Still, he said, “I was very impressed by Bush. I don’t like his politics, but he’s very personable, and as a person, he’s really nice. As an interpreter, you judge people by the way they treat you, and when I worked with him in person, he’d always look me in the eye and say, ‘You did a really good job.” 

Both men, he said, were driven by advisors. “Whoever controls the advisors controls the president,” he said. 

One of his more interesting lessons in Realpolitik came not during an interpreting session but before, when the White House Situation Room called in advance of a phone call between Megawati and Bush in 2003. 

“They had scheduled it for 15 minutes, and I asked if that would be enough time,” Burks said. “They told me they could guarantee it wouldn’t be over 15 minutes because Bush was scheduled to talk to a high Saudi Arabian official, and they don’t wait for anyone. 

“I thought, ‘Interesting. That really tells where the power lies.’” 

Burks is anything but conventional, which has made it easier for his State Department and White House critics. His beliefs have a strong New Age slant, and he’s an outspoken believer in UFOs. 

While a student at UC Santa Cruz, he took part in a program that placed students in overseas families to learn about different cultures.

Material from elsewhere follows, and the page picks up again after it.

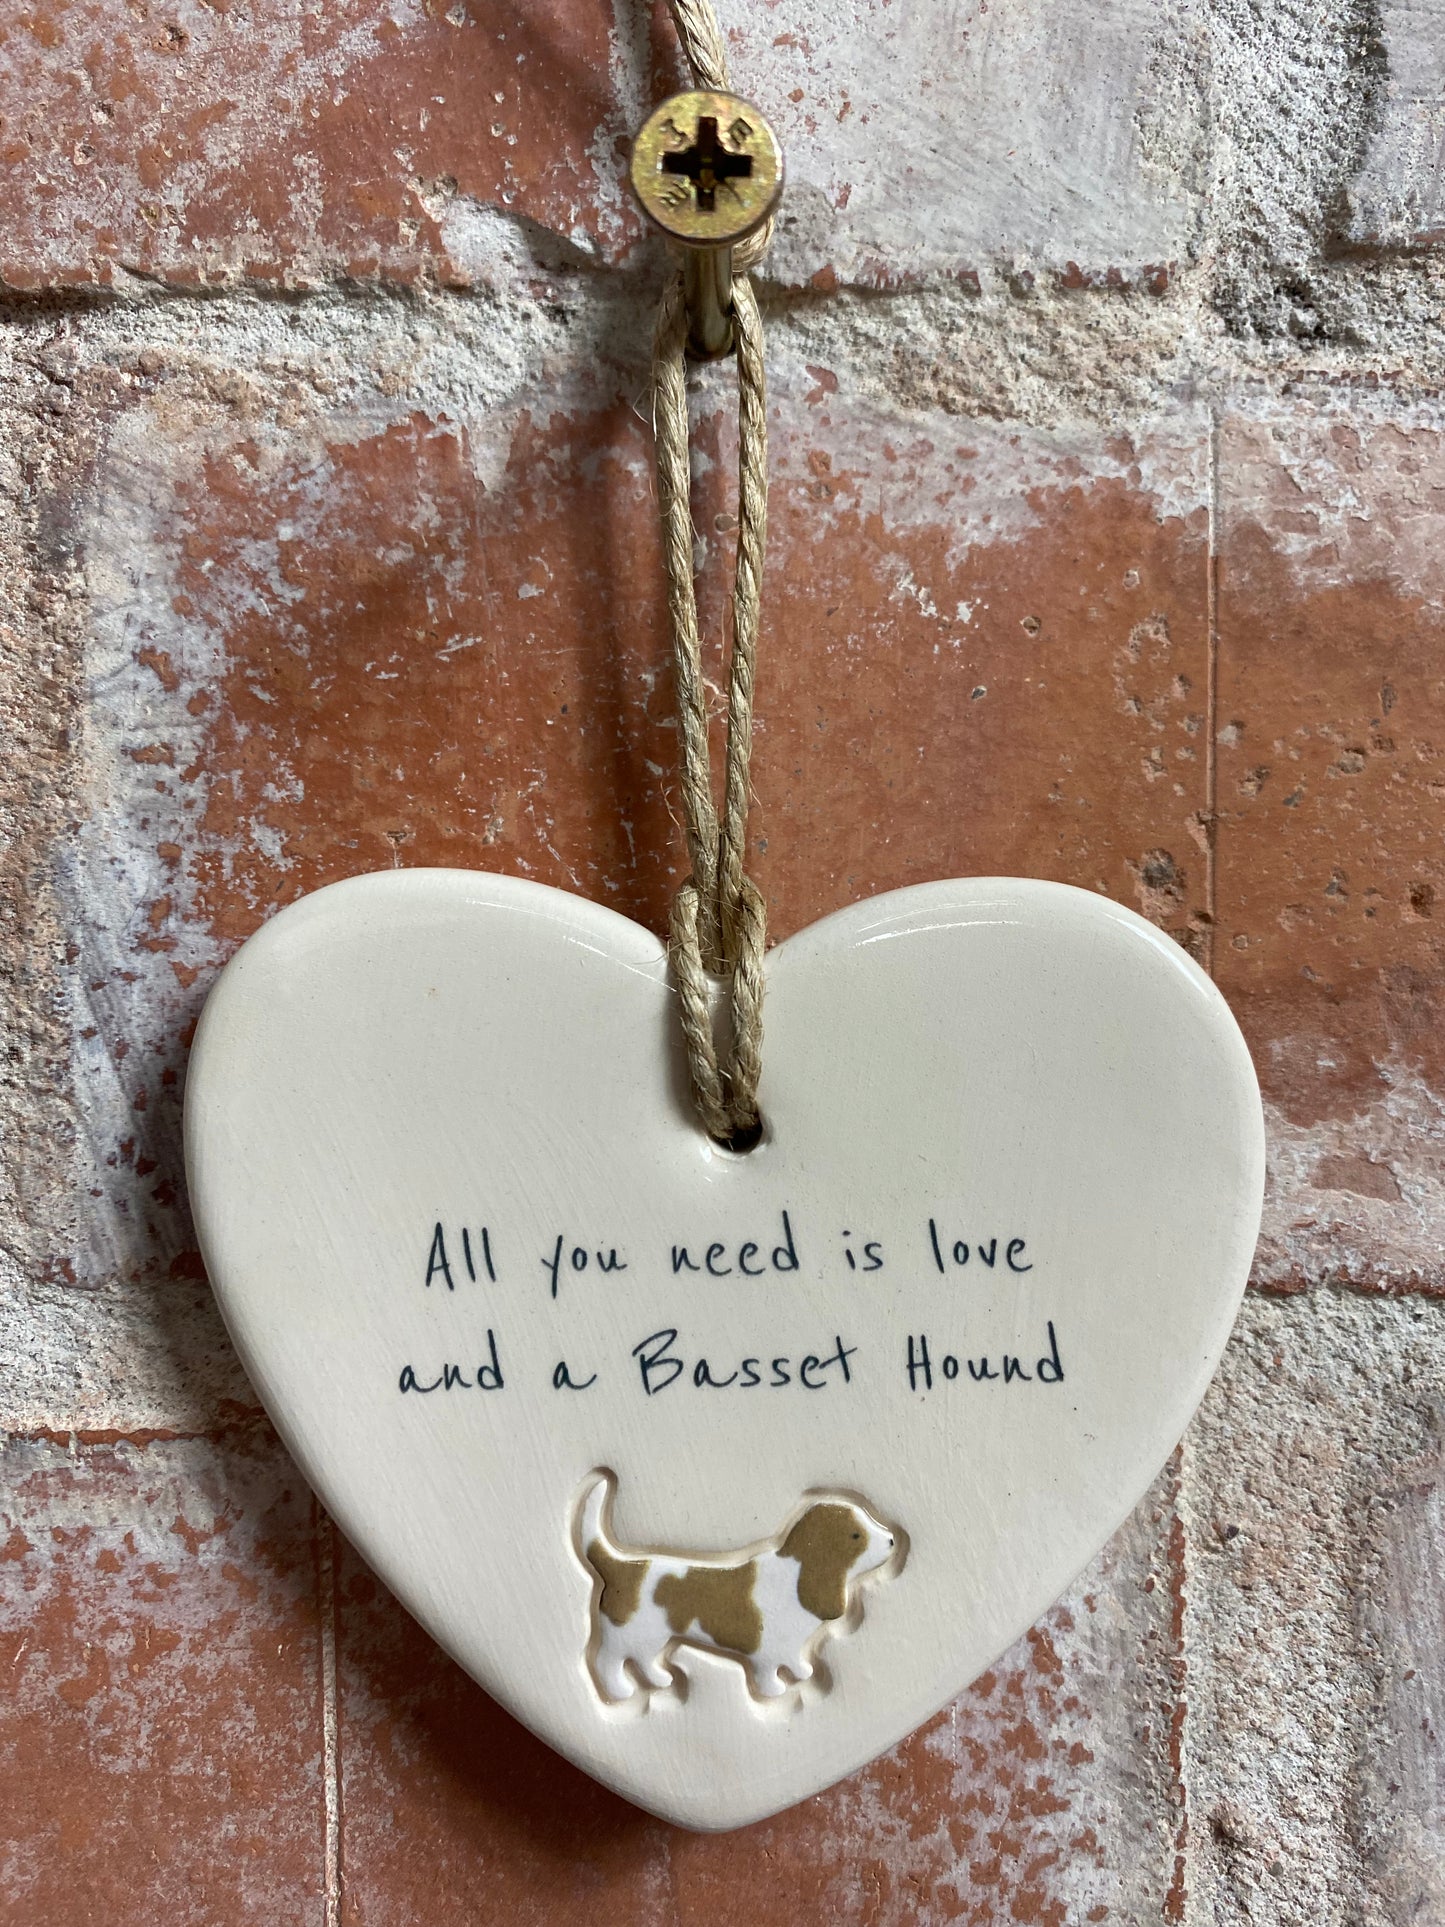 Basset Hound ceramic heart

He learned Indonesian when he was sent there to live with an Islamic extended family of 20. He learned Chinese when he was sent to China by the same program on a teaching assignment. 

Trained as a nurse, he worked for 10 years with Alta Bates Herrick Hospital, doing both general and psychiatric nursing. Now jobless, he devotes his energies to three web sites, most notably wanttoknow.info, a collaborative site that features alternative perspective on international politics. 

“We recently reached the half-million visitor mark,” he said, “and we’ve had over a million page views.”?